__PROBLEM REQUIREMENTS__: Please write out only the lines from the one containing "Mendelssohn-Bartholdy, Felix, 3.2.1809" through the last line of the listing. Do not include pictures.

__DATA SEGMENT__:
◆ ◆ ◆ ◆ ◆
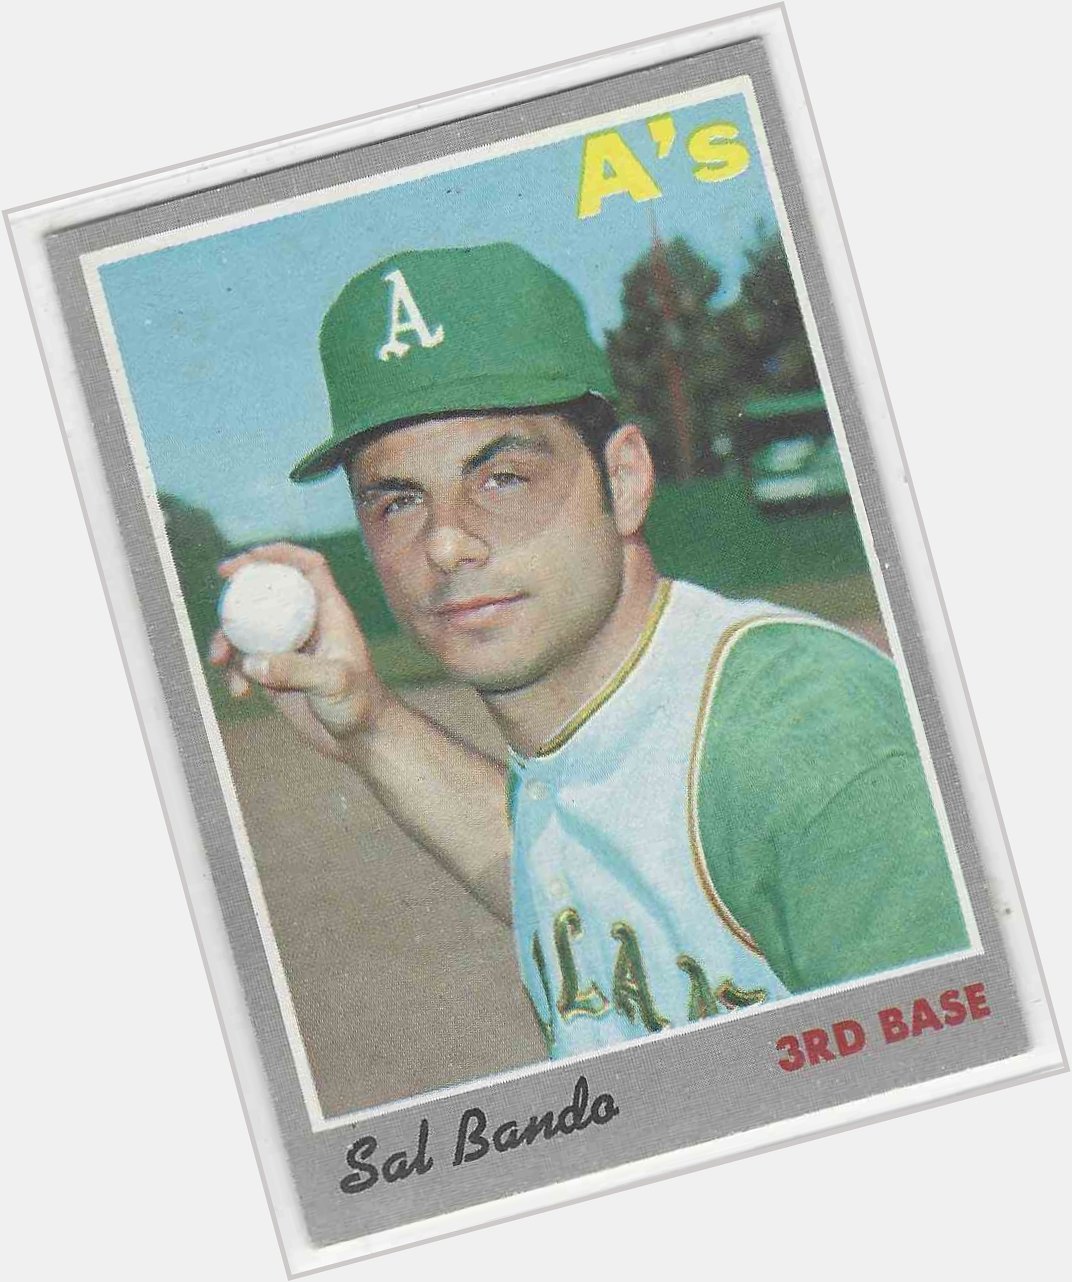 Happy 77th birthday to Sal Bando  
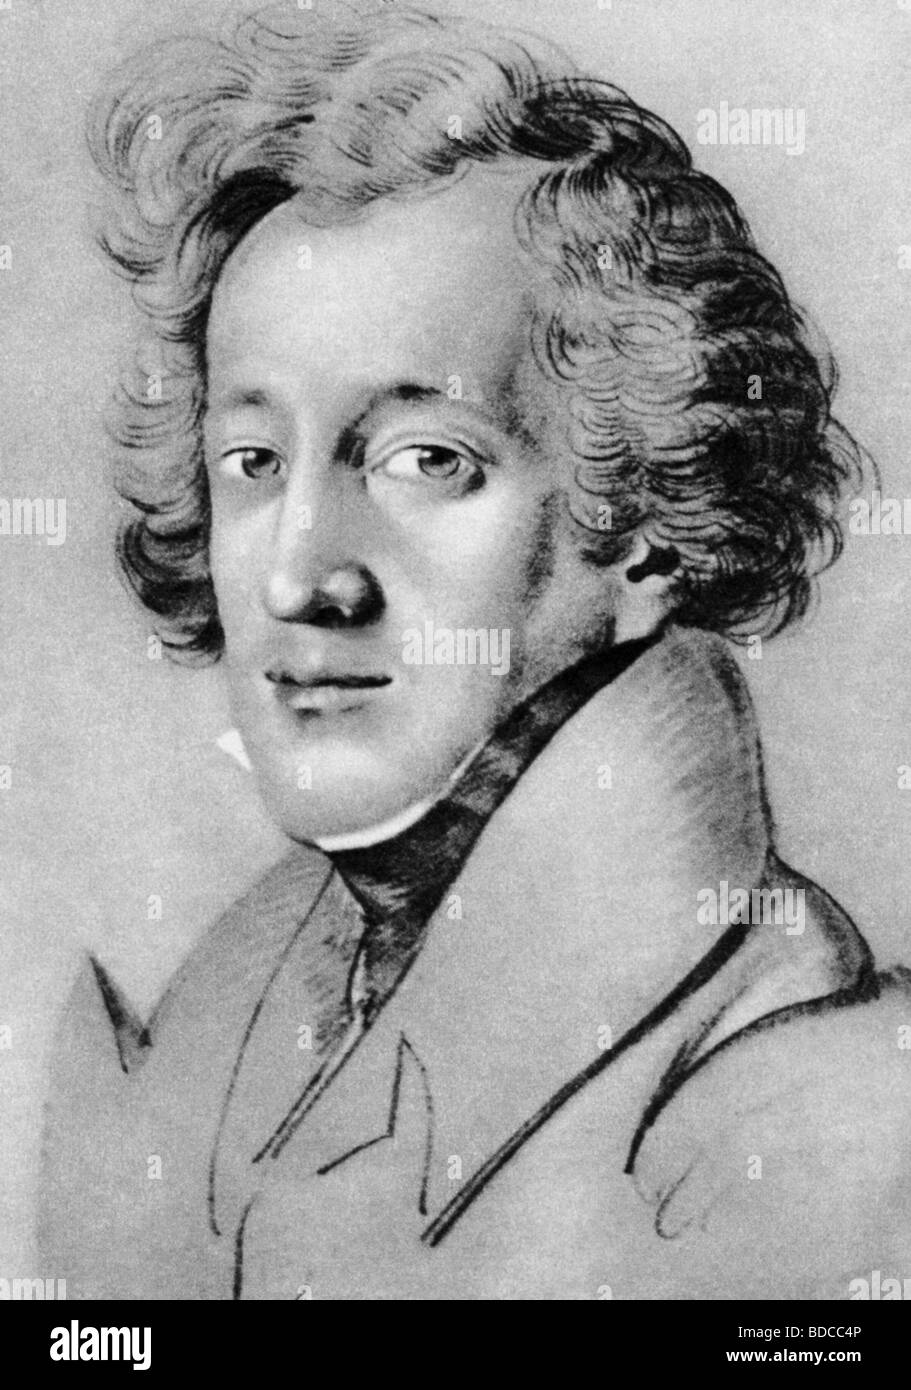 Mendelssohn-Bartholdy, Felix, 3.2.1809 - 4.11.1847, German composer, portrait, drawing, circa 1840, Stock Photo
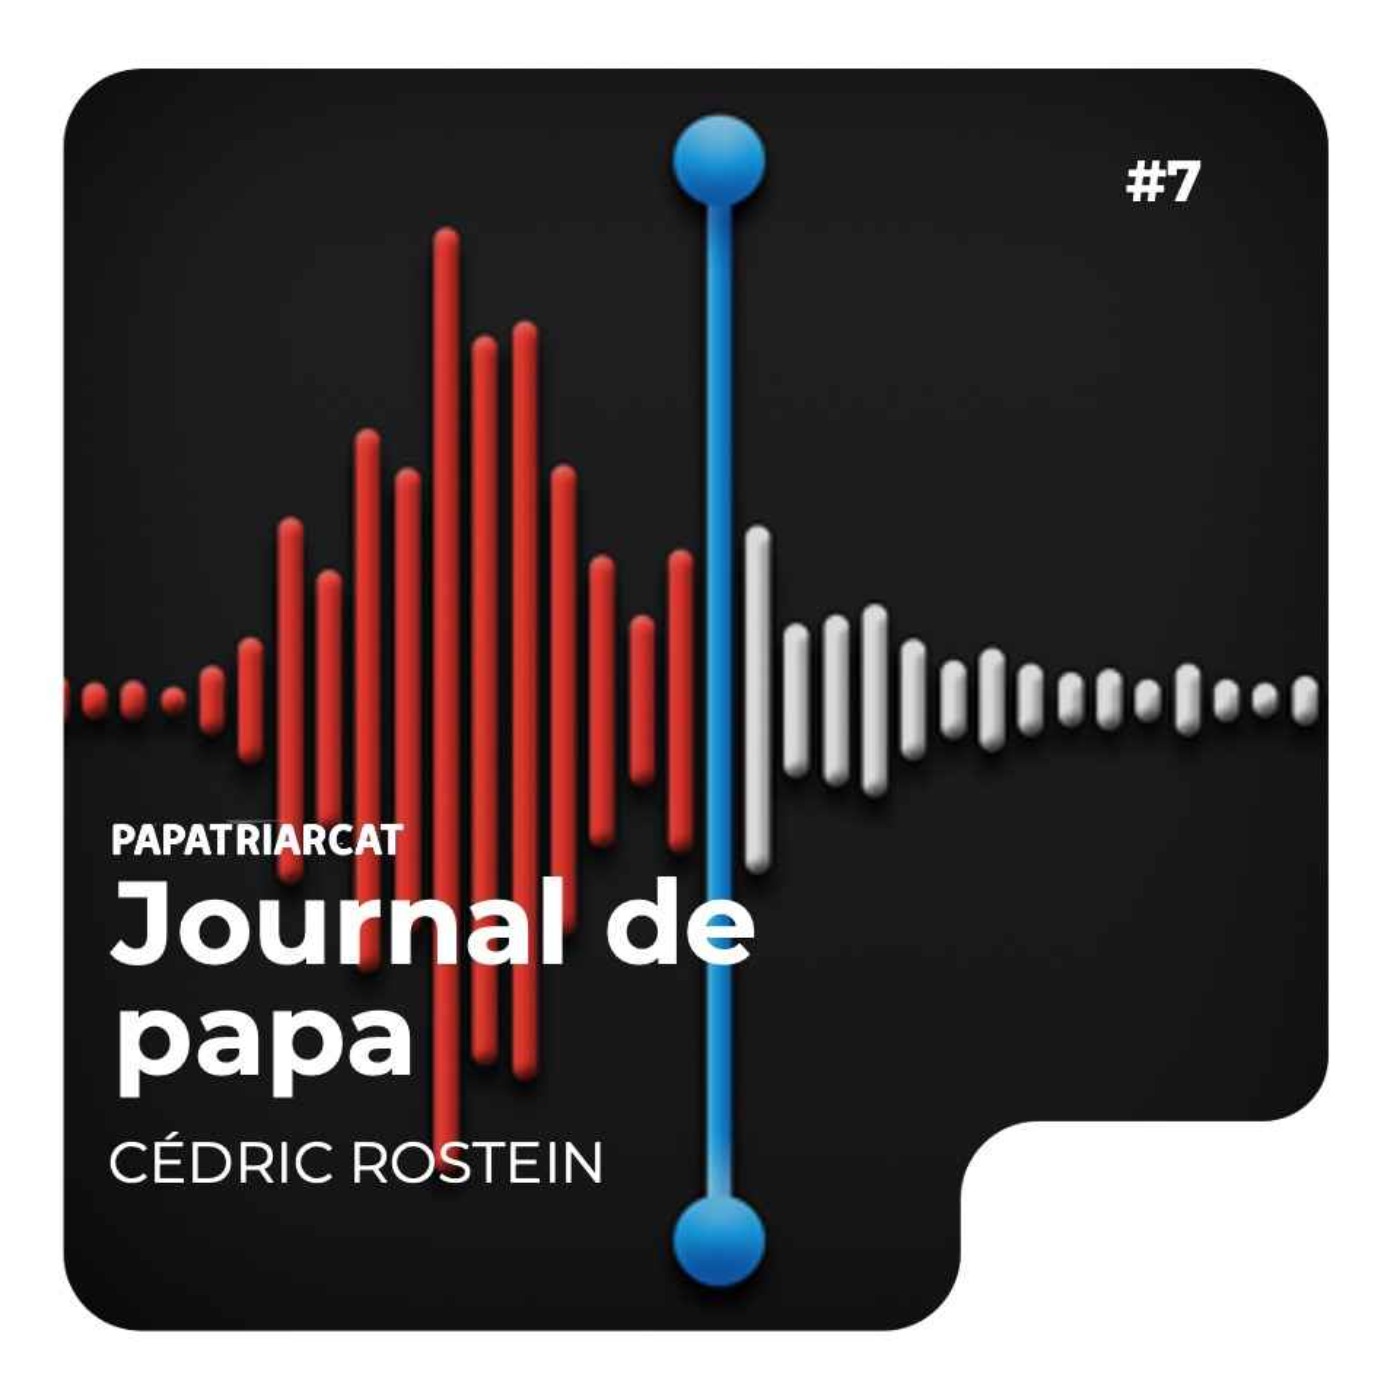 Journal de papa #7
◆ ◆ ◆ ◆ ◆
__TASK RESULT__:
 Mendelssohn-Bartholdy, Felix, 3.2.1809 - 4.11.1847, German composer, portrait, drawing, circa 1840, Stock Photo
 Journal de papa #7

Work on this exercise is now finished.